Wild-mannered Fred Flintstone, dino operator by day, devoted hubby by night, is a man of many facets. He appears to be a simple blue-tie worker, but a wealth of other personae also lie buried beneath his big belly. He's been a beverage formulator --inventing soft drinks with disastrous results-- as well as a carnival operator, restaurateur, and private investigator, to name only a few of his temporary careers. Not one to pass up on the opportunity for easy money, Fred has never let incompetence stand in his way.

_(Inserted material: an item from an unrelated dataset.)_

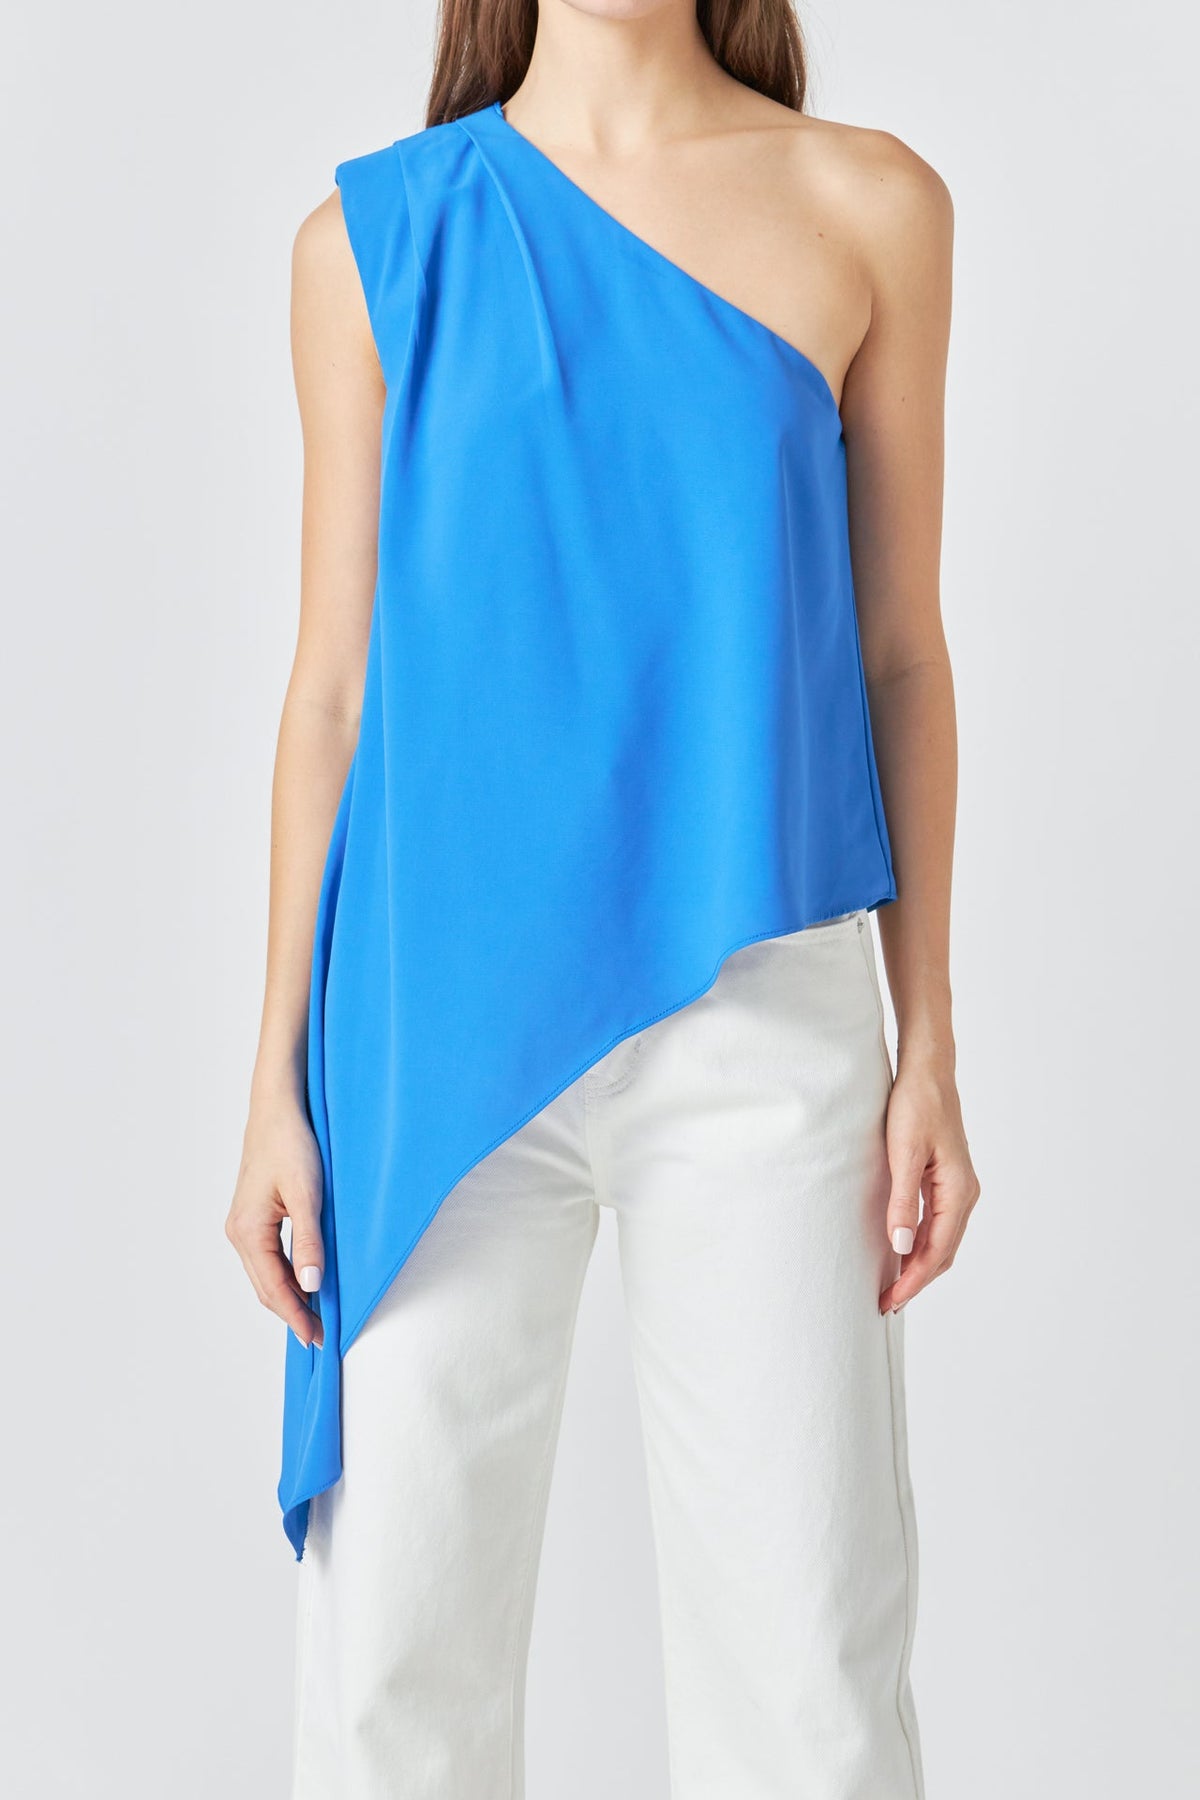 ENDLESS ROSE - One Shoulder Waterfall Top - TOPS available at Objectrare

A big bear of a man with an expressive face that can turn from jovial to grouchy and back in an instant, Fred is instantly recognized by the black-spotted, orange tunic he favors as daily wear and the severe cowlick that gives him a perpetual "bad hair" day. He describes his eyes as "robin's egg blue," although they appear black; his hair is raven; and despite a daily shave with a bee-powered razor, his cheeks sport the stubbled look later adopted by the men of "Miami Vice."
Along with his childhood pal, Barney Rubble, Fred attended Bedrock high school and served a stint in the Army. After marrying Wilma Slaghoople, he began a career as a dino (dinosaur) operator at the Bedrock Gravel and Quarry Company (also know as Slate Rock and Gravel, and sixteen other variations). Although he has an excellent working relationship with the dinosaurs, his dealings with his boss, Mr. Slate, are fraught with tension. This could be because Fred has no compunctions about playing hooky from work --any reason will do; it doesn't have to be a good one.
At home, Fred and Wilma epitomize the lifestyle of the Modern Stone Age family. Occasionally Fred and Barney slip out for a meeting of the Royal Order of Water Buffalos --a men's-only haven of boisterous guys in silly hats-- or for an evening of pin tumbling down at the bowling alley. But Fred is just as happy at home with his wife and daughter, Pebbles, to whom he reveals endless patience and a surprisingly gentle nature. With adults, however, Fred has little tolerance, a trait that bothers everyone but him. But when you're a big, burly guy like Flintstone, you have to throw your weight around --there's not a whole lot else you can do with it.